Example 1 – A liable entity claims a refund as soon as possible

  1. A liable entity is required to surrender 300 000 LGCs for the 2016 assessment year. It had no carried forward shortfall or surplus from the 2015 assessment year.
  2. It surrenders 100 000 LGCs, and lodges its energy acquisition statement and large-scale generation shortfall statement on 14 February 2017.
  3. The liable entity receives a $13 million invoice for payment of the shortfall charge, representing the shortfall of 200 000 LGCs. The company pays its shortfall charge of $13 million on 14 February 2017. Note, the allowable refund period for obtaining a refund of the 2016 shortfall charge ends three years after this date – i.e. the last day they can claim refund of this amount is 15 February 2020.
  4. The liable entity has a LGC liability of 350 000 for the 2017 assessment year. It surrenders 350 000 LGCs, and lodges its energy acquisition statement and large-scale generation shortfall statement on 1 February 2018. It therefore has no large-scale generation shortfall for the 2017 assessment year.
  5. In addition, the liable entity requests to surrender 200 000 LGCs (any vintage) to acquit the 2016 shortfall.
  6. The liable entity is eligible for a refund of the shortfall charge paid for the 2016 assessment year ($13 million), less an administration fee.

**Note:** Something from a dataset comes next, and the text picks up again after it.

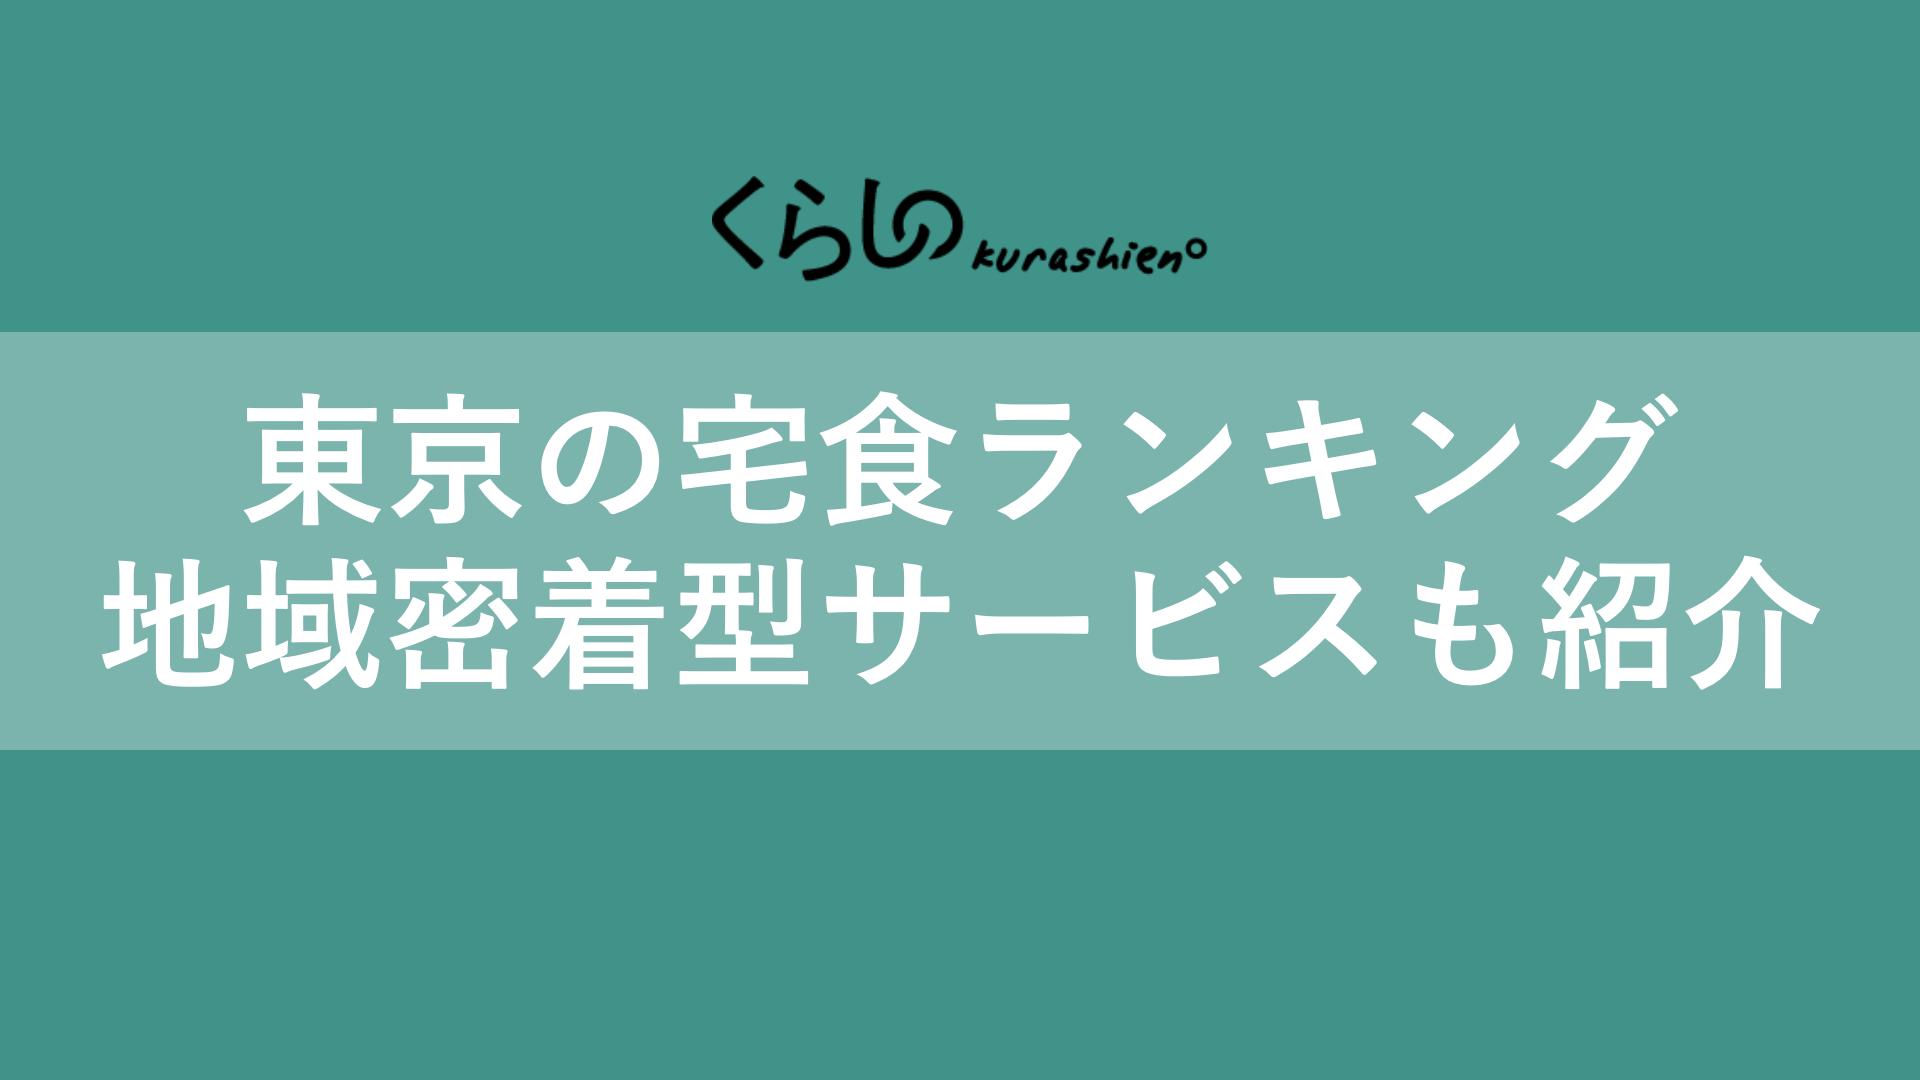 東京都の宅食サービス・宅配弁当おすすめランキング!地域密着型サービスも紹介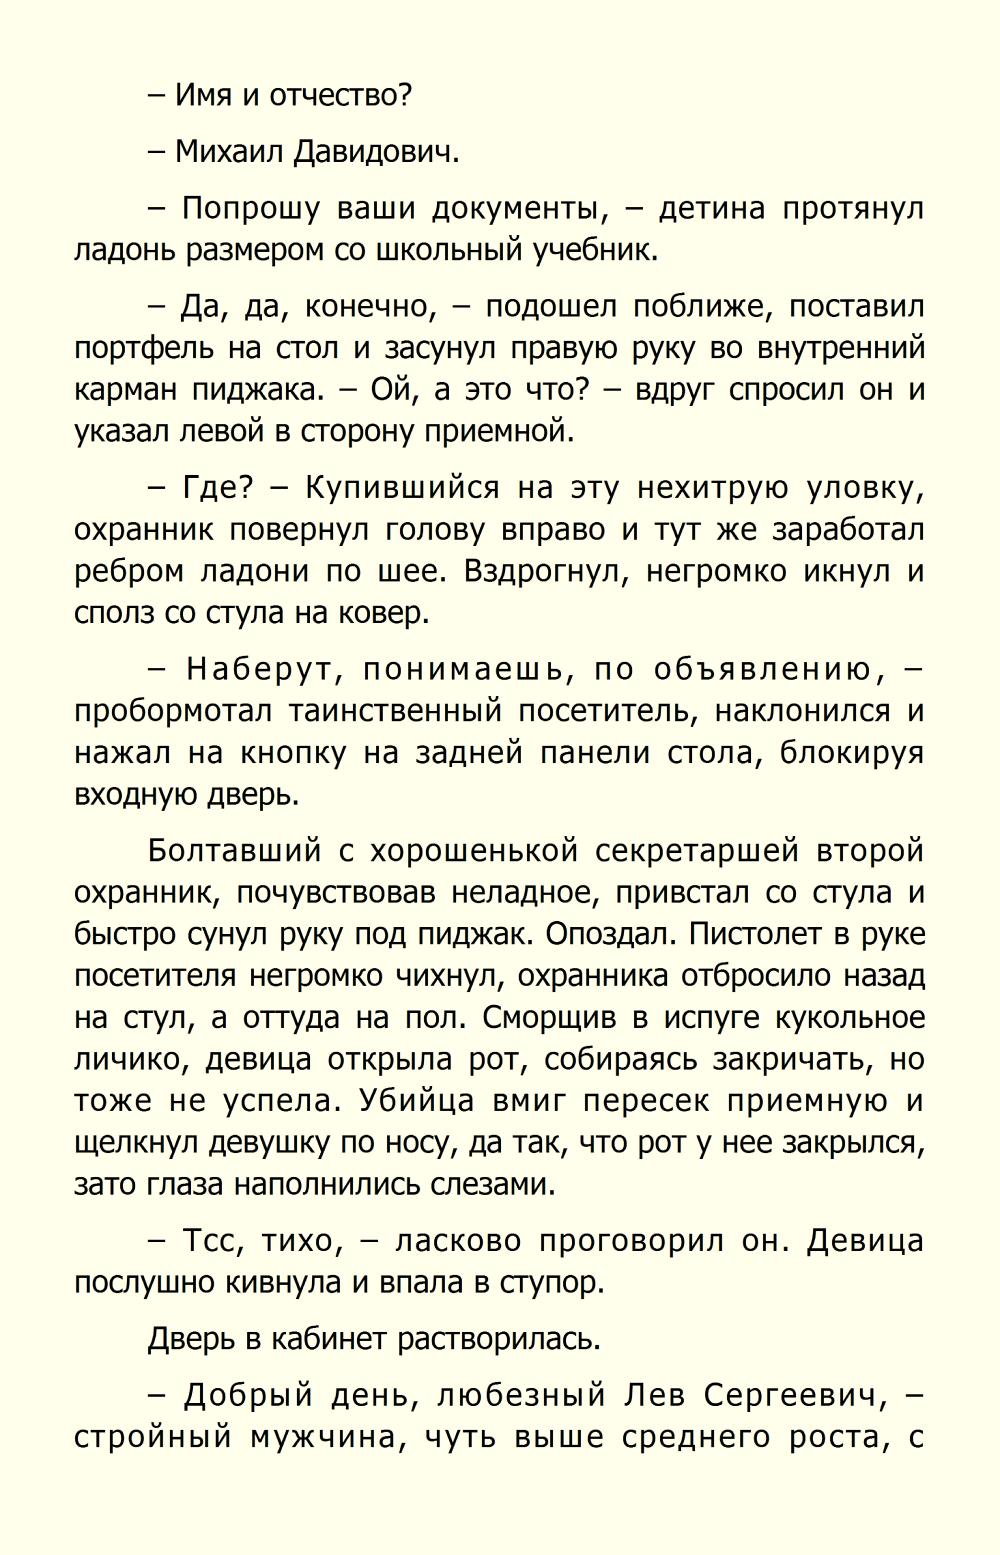 http://i6.imageban.ru/out/2013/11/03/b3f5335409f105ba706a6765081c8005.jpg

Example 2 – A liable entity takes three years to claim a refund

  1. A liable entity is required to surrender 300 000 large-scale generation certificates for the 2016 assessment year. It had no carried forward shortfall or surplus from the 2015 assessment year.
  2. It surrenders 100 000 LGCs, and lodges its energy acquisition statement and large-scale generation shortfall statement on 9 February 2017.
  3. The liable entity then receives an invoice for payment of a shortfall charge representing the shortfall of 200 000 LGCs. The liable entity pays its shortfall charge of $13 million on 9 February 2017. Note, the allowable refund period ends three years after this date – i.e. the last day they could potentially claim a refund of the 2016 shortfall charge is 10 February 2020.
  4. The liable entity is required to surrender 350 000 LGCs for the 2017 assessment year. It surrenders 250 000 LGCs (2017 vintage) and lodges its energy acquisition statement on 1 February 2018 (including a shortfall statement). It therefore has a 100 000 large-scale generation shortfall for the 2017 assessment year and a $6.5 million shortfall charge applies.
  5. The liable entity pays $6.5 million in shortfall charges on 6 February 2018. Note, the allowable refund period ends three years after this date – i.e. the last day they could potentially claim a refund of the 2017 shortfall charge is 8 February 2021.
  6. The liable entity is required to surrender 400 000 LGCs for the 2018 assessment year. It surrenders 350 000 LGCs (2018 vintage) and lodges its energy acquisition statement and large-scale generation shortfall statement on 11 February 2019. It therefore has a 50 000 large-scale generation shortfall for the 2018 assessment year and a $3.25 million shortfall charge applies.
  7. The liable entity pays $3.25 million in shortfall charges on 12 February 2019. Note, the allowable refund period ends three years after this date – i.e. the last day they could claim a refund of the 2018 shortfall charge is 14 February 2022.
  8. For the 2019 assessment year, the liable entity is required to surrender 450 000 LGCs. It surrenders 450 000 LGCs (2019 vintage), and lodges its energy acquisition statement and large-scale generation shortfall statement on 14 February 2020. It therefore has no large-scale generation shortfall for the 2019 assessment year.
  9. The liable entity is not eligible for a refund of the shortfall charge paid for the 2016 assessment year ($13 million), as the allowable refund period ended on 10 February 2020.
  10. The liable entity is eligible to claim a refund of all or part of the amount of shortfall charge paid in relation to the 2017 and 2018 assessment years ($6.5 million and $3.25 million), less an administration fee and subject to the surrender of additional LGCs.